Noise in the Attic

Broken toys, outdated clothes, dust, and cobwebs. Things scrabble in the corner. Watch your step.

December 27th, 2005

In Celebration of a Life Well Lived: Barbara Nipper 10/10/1929 — 12/24/2005

Few people outside Central Georgia would recognize her name. She never made the news. She never made a lot of money. No one will ever name a building for her; her face will never be on a postage stamp. Fame and fortune were not her lot in life. She never wanted them. Nonetheless, she touched hundreds, even thousands, of lives in a deep, personal way, and those people remember her and honor her.

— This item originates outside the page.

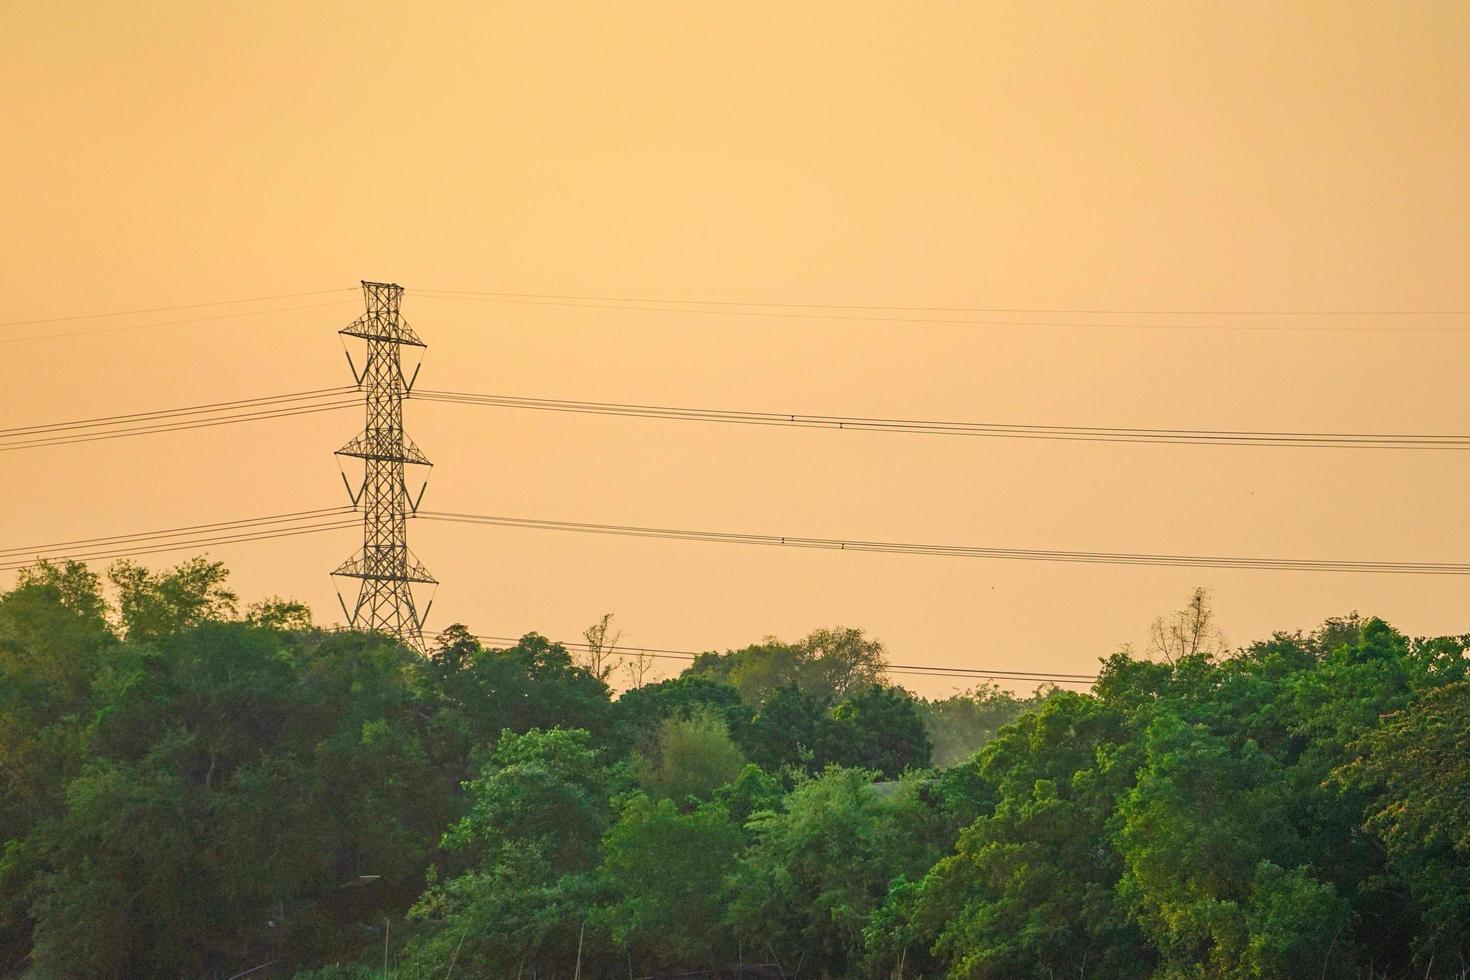 hoogspanning elektriciteitstoren en kabel met oranje hemel zonsondergang achtergrond, landschap van tropisch woud foto

For nearly 45 years, she worked as a Registered Nurse, 33 years with the same hospital. Most of those years, she worked the graveyard shift, so she could have time to spend with her family after school. From the first day of her career, she developed a reputation as a vocal advocate for her patients, not just providing but demanding the very best care possible. In a time when doctors reigned supreme and nurses were regarded as little more than hired help, few doctors crossed her more than once, though there were a few who took on the challenge as a way of crosschecking their decisions. Charge Nurses and Nursing Supervisors quickly learned to tread lightly and think carefully before speaking. The nurses she worked with and the patients she cared for so deeply gave her their respect and love wholeheartedly.

Through 54 years as a minister’s wife, she never put herself forward as better than anyone else. She did not take and did not want a leadership position in the church. She always said that there were others better suited for the job and gladly yielded that place. She preferred to work behind the scenes, giving her skills in sewing and cooking and whatever time she could make for the church’s benefit.

She was born into a family that would have had to rise several rungs on the social ladder to be considered even poor. Though clothes were scarce and luxuries unreachable, she learned to value of love, hard work, and self-reliance. Marrying a preacher was not a path to fortune, and they lived in abject poverty through the early years of their marriage, gradually working their way up to a degree of security. She never preached her values to others, but her actions and example said more than words ever could. Though she was small in stature, her spirit stood tall and strong. She dared life to do its worst and took on and triumphed over the challenges thrown before her.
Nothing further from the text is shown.